The screenings of the seven films of the 14th British Film Festival launched in Moscow cinema on 20 February were held in overcrowded halls. Each film was screened three times a day. Film translations were provided in subtitles that made it a little difficult to understand the films. But that fact didn’t prevent people from showing great interest towards the festival. Judging from the attitude and assessment of the audience the festival organizers have managed to implement their slogan: “Best of Britain”.
On the last day of the British Film Festival two film were screened in the Small Theatre of Yerevan: ”Queens of Syria” and “Maxine Peake Hamlet”.

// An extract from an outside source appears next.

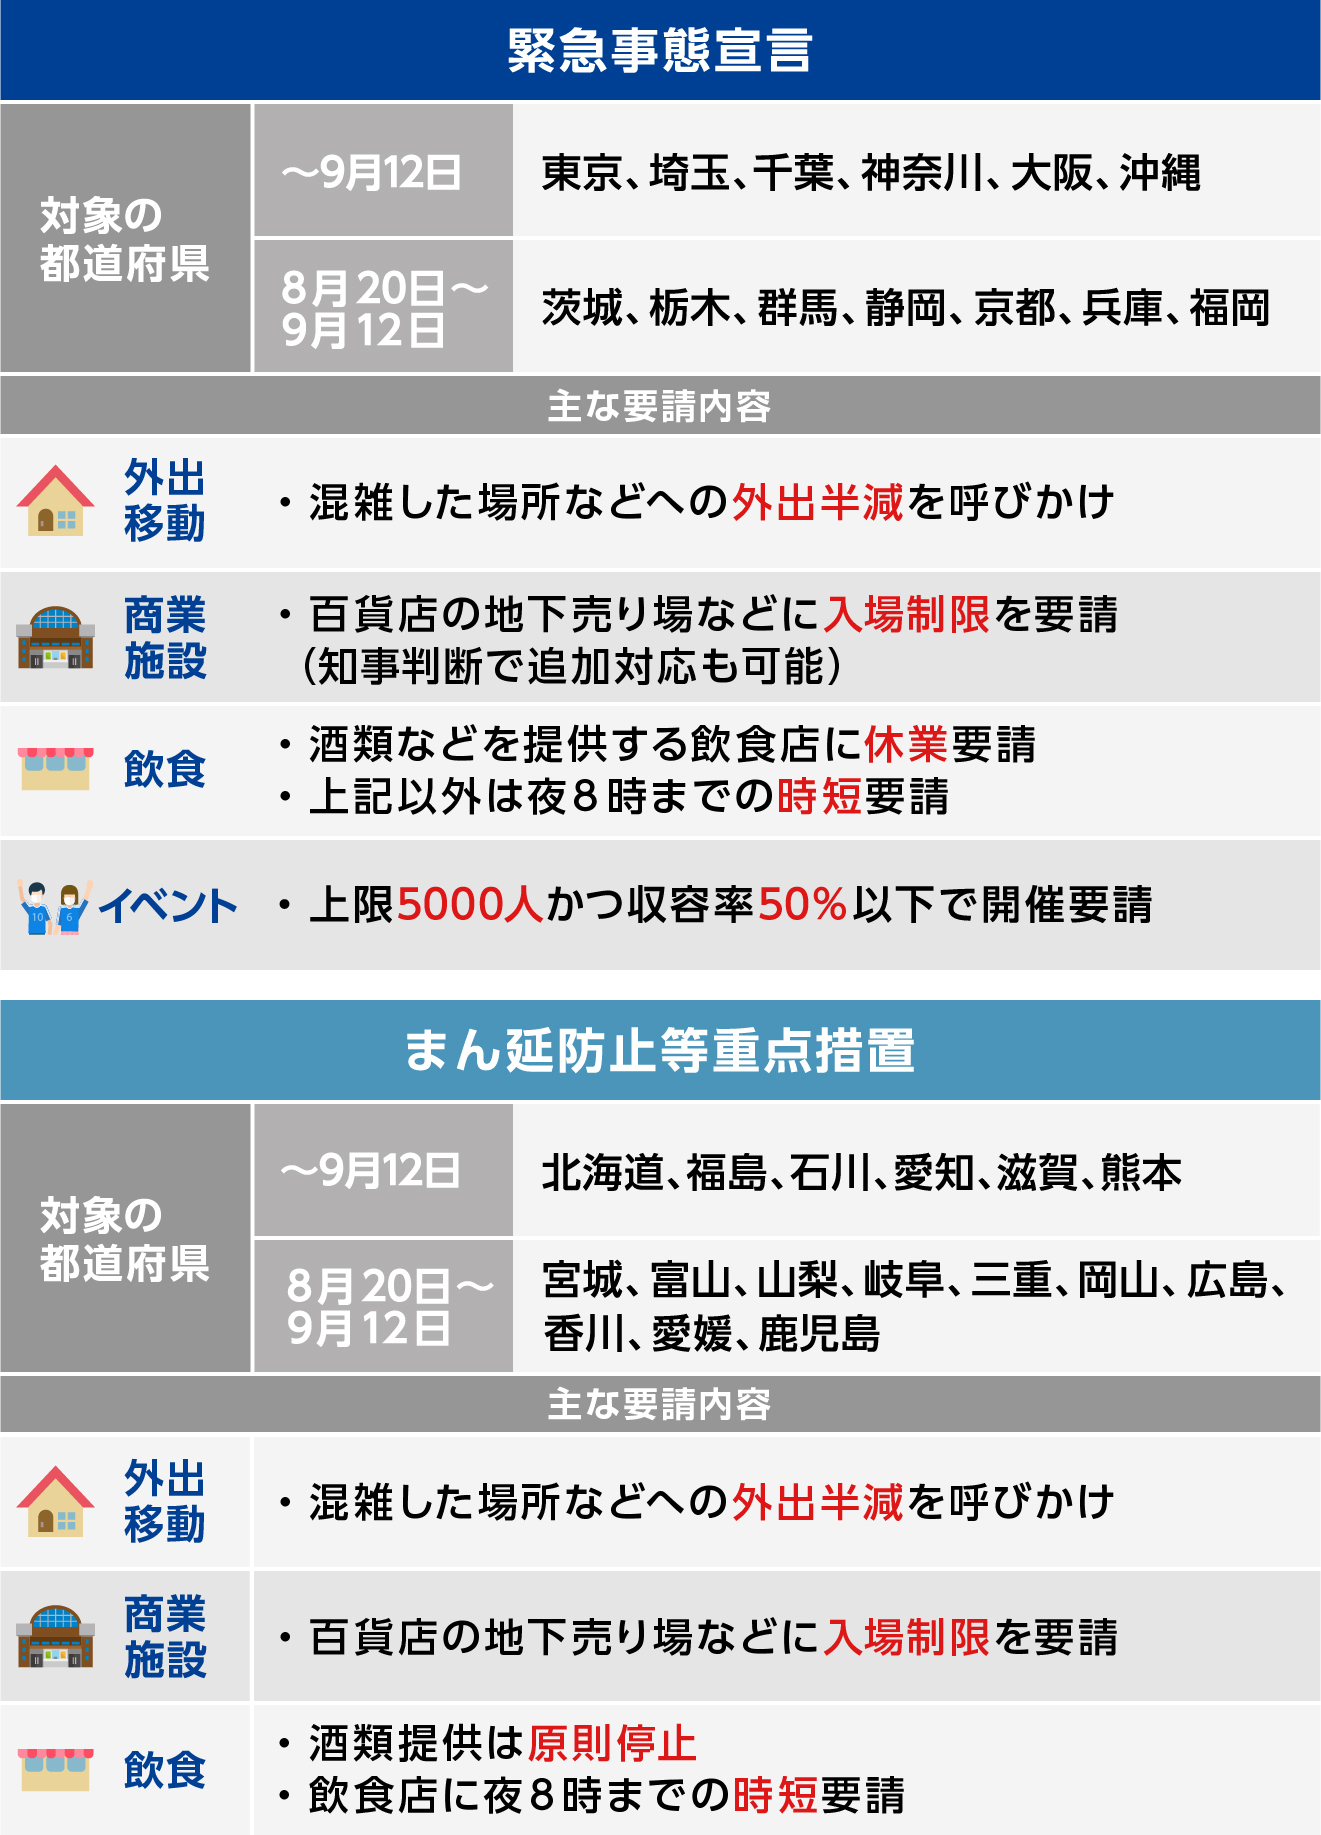 【速報】愛知県、岐阜県、三重県、北海道に緊急事態宣言発令 ...

Having the intention to touch upon the issues of Syria as the most heated war zone the organizers of the festival offered a move performance to the Armenian audience. Though this format is not common in Armenia, such version is known to us from TV Theatre. Let us recall the William Saroyan’s performance “My Heart’s in the Highlands” that was shot before and now is available on You tube. Unlike Vardan Achemyan’s performance the move performance “Queens of Syria” is also a documentary evidence. Syrian refugee women who have survived the war tell about their feelings and the sufferings they have experienced. They miss their homes and their relatives whom they have lost or have had to leave. The director is staging the stories of the Syrian women, but unlike theatre where the players are actors, in this case there are no actors: the women embody themselves and present the tragedy of an immigrant deprived of his homeland to the audience as eye witnesses. The authors of this movie performance have intended to stage the events taking place today. By combining the cinema and theatre they have taken these women not to the film shooting area but to the theatre to present the stories of their distorted destinies on the stage.
The British Film Festival has also turned to the 400th anniversary of Shakespeare’s death and the movie performance “Maxine Peake Hamlet” shown in Small Theatre marked that event. The modern performance of “Hamlet” was shown right in front of the spectators and not on the stage. Without decorations, painting, clothes and domestics of Shakespeare period the authors of the performance have presented the drama in an unusual interpretation and approach. The topic of Shakespeare’s play has been preserved: mean betrayal and crime which Hamlet is unaware of, but the visible and tangible ghost of his father reveals the secret to him and his soul seeks revenge. In a room-size square area decorated with a few chairs and lamps the paly heroes developed the story and brought it to its settlement. The cameras have managed to capture the emotions of the characters, the reflection of the inner world in the eyes and even their smile.
Both ”Queens of Syria” and “Maxine Peake Hamlet” are succeeded as a film and as a performance. Certainly, in this way it has become possible to take the theatre to different parts of the world just by using a piece of white poster.